North Korea Launches New Destination Club
By: Destination Club News Date: April 1, 2011
Taking a moment away from nuclear bomb testings, North Korea's glorious leader Kim Jong-Il has devised a new destination club specifically for North Korea citizens, Kim-Possible Bliss.
"The grand plan for this new destination club came to the Dear Leader Kim Jong-Il himself in a dream," said club spokesperson Tae Myung Bak. "While riding the back of a dragon across our great nation, our glorious leader was inspired to let his fellow North Korean citizens travel so brilliantly. He sequestered himself in his chambers for six weeks, painting an elaborate series of oil paintings of properties that would be available to members while drafting a 32,000 page business plan that is without flaw."
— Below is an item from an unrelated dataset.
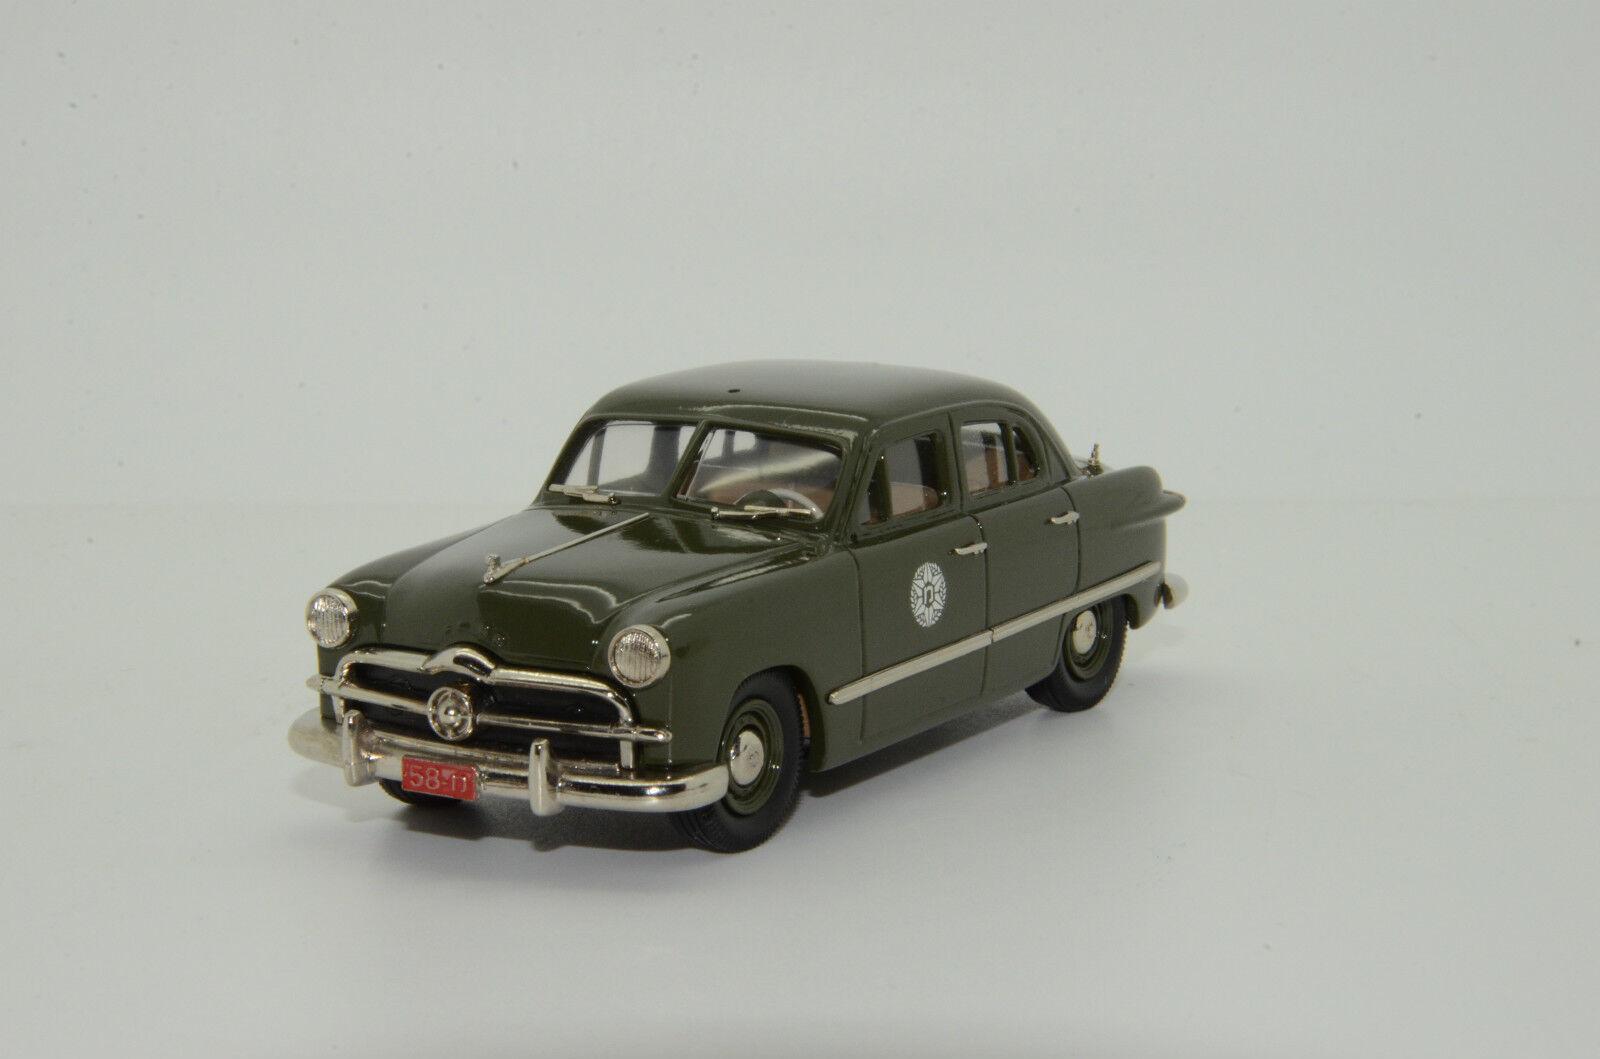 Rare     Ford Fordor 1949 Sedan Israel Police BRK. ISR 05 Brooklin  1 43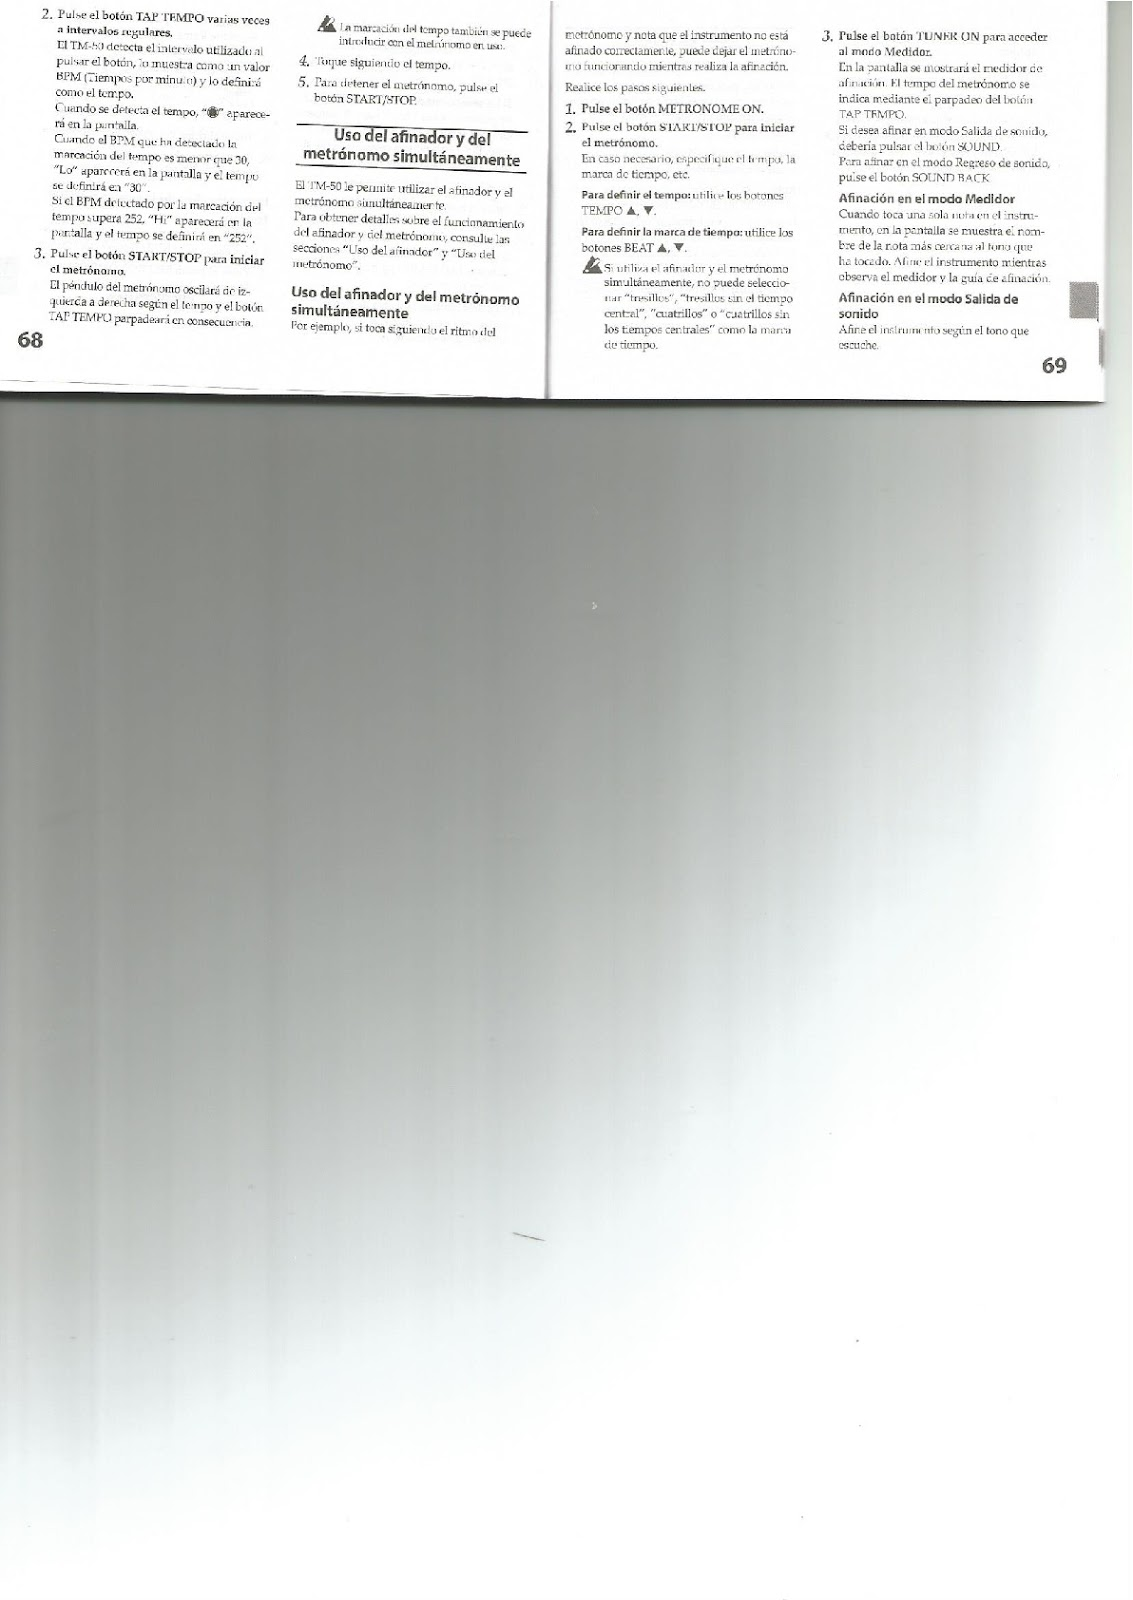 manuaisequiposPDF-025.jpg

Kim-Possible Bliss will use a propreitary model where 5% of new membership deposits will be used for purchasing luxury real estate throughout North Korea, and the remaining 95% going towards the great nation's military efforts and continued nuclear testing efforts.
Public response to the new destination club has been uniformally exuberant. "Kim-Possible Bliss is perfect in every way imagineable," said Bae Chang-su, the club's first member. "Even with the 360 days that have already been reserved by the Dear Leader Kim Jong-Il and the rest of his advisors, I should be able to vacation for at least four hours to any of the club properties during the upcoming year."
"I will finally be able to learn the glorious craft of vacationing from the Eternal Leader himself," Chang-su added. "It feels like I am already a better citizen."
To formally launch the new club, a series of parades and celebrations are being planned with attractive offers available to early adopters.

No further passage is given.